Dedikasinya dalam kesehatan sampai ke WHO. Sulianti pun kemudian diangkat menjadi anggota badan eksekutif dan Ketua Health Assembly (Majelis Kesehatan) yang berhak menetapkan dirjen WHO. Selama 25 tahun pertama WHO, hanya ada dua perempuan terpilih sebagai Presiden Majelis Kesehatan Dunia, yaitu Rajkumari AMrit Kaur dari India dan Julie Sulianti Saroso dari Indonesia.

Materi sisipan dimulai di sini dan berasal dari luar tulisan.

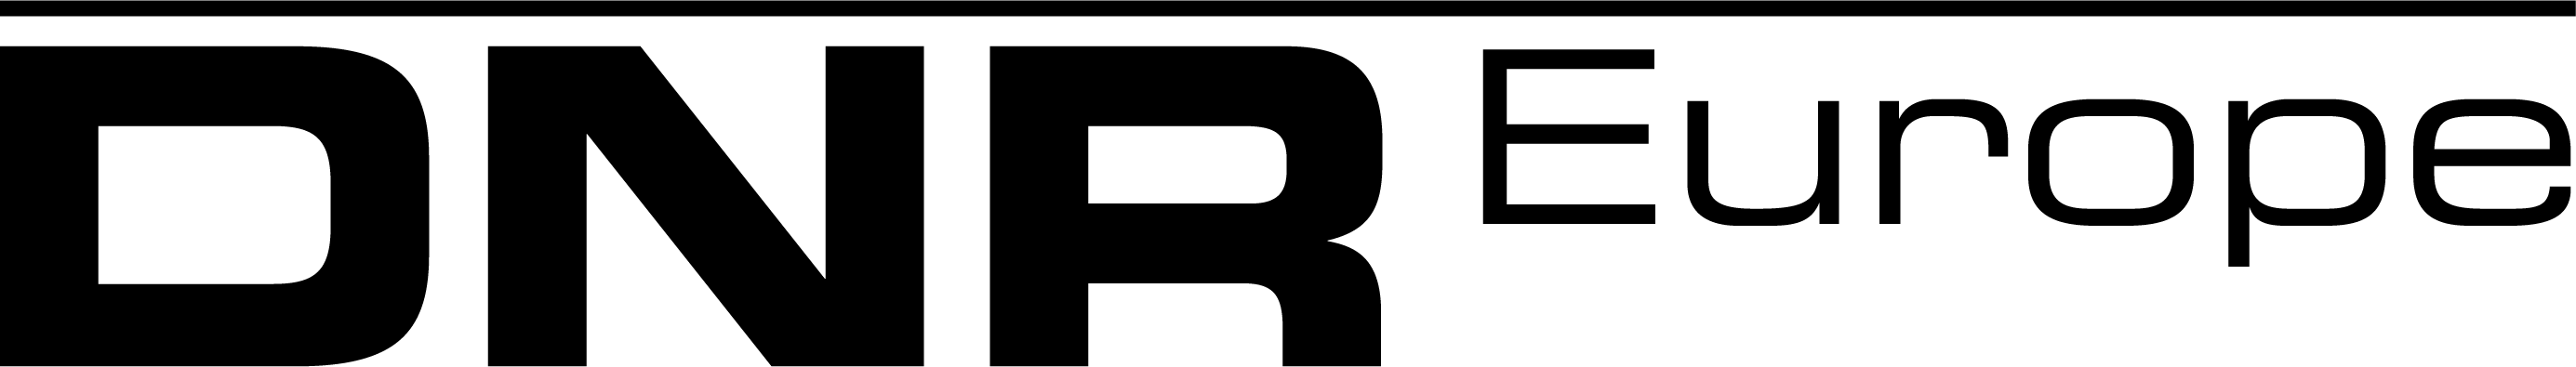 DNReurope Noir

Sederet penghargaan pun didapat Sulianti atas prestasinya. Piagam Pengabdian dan Jasa dalam meningkatkan Usaha Kesehatan dari Menteri Kesehatan. Piagam dari Pemerintah India atas jasanya dalam meningkatkan kesehatan masyarakat. Piagam Pegawai Teladan dari Menteri Kesehatan. Bintang Mahaputra Pratama dari Presiden RI tahun 1975. Selain itu, Bintang Penghargaan dari WHO South-east Asia Regional Committee. Piagam Penghargaan dari WHO Jenewa atas partisipasinya dalam membasmi penyakit cacar di dunia. Piagam dari IDI atas semangat pengabdiannya yang luar biasa kepada dunia kedokteran dan kesehatan Indonesia, Piagam Penghargaan dari Queensland Institute of Medical Research, Brisbane Australia.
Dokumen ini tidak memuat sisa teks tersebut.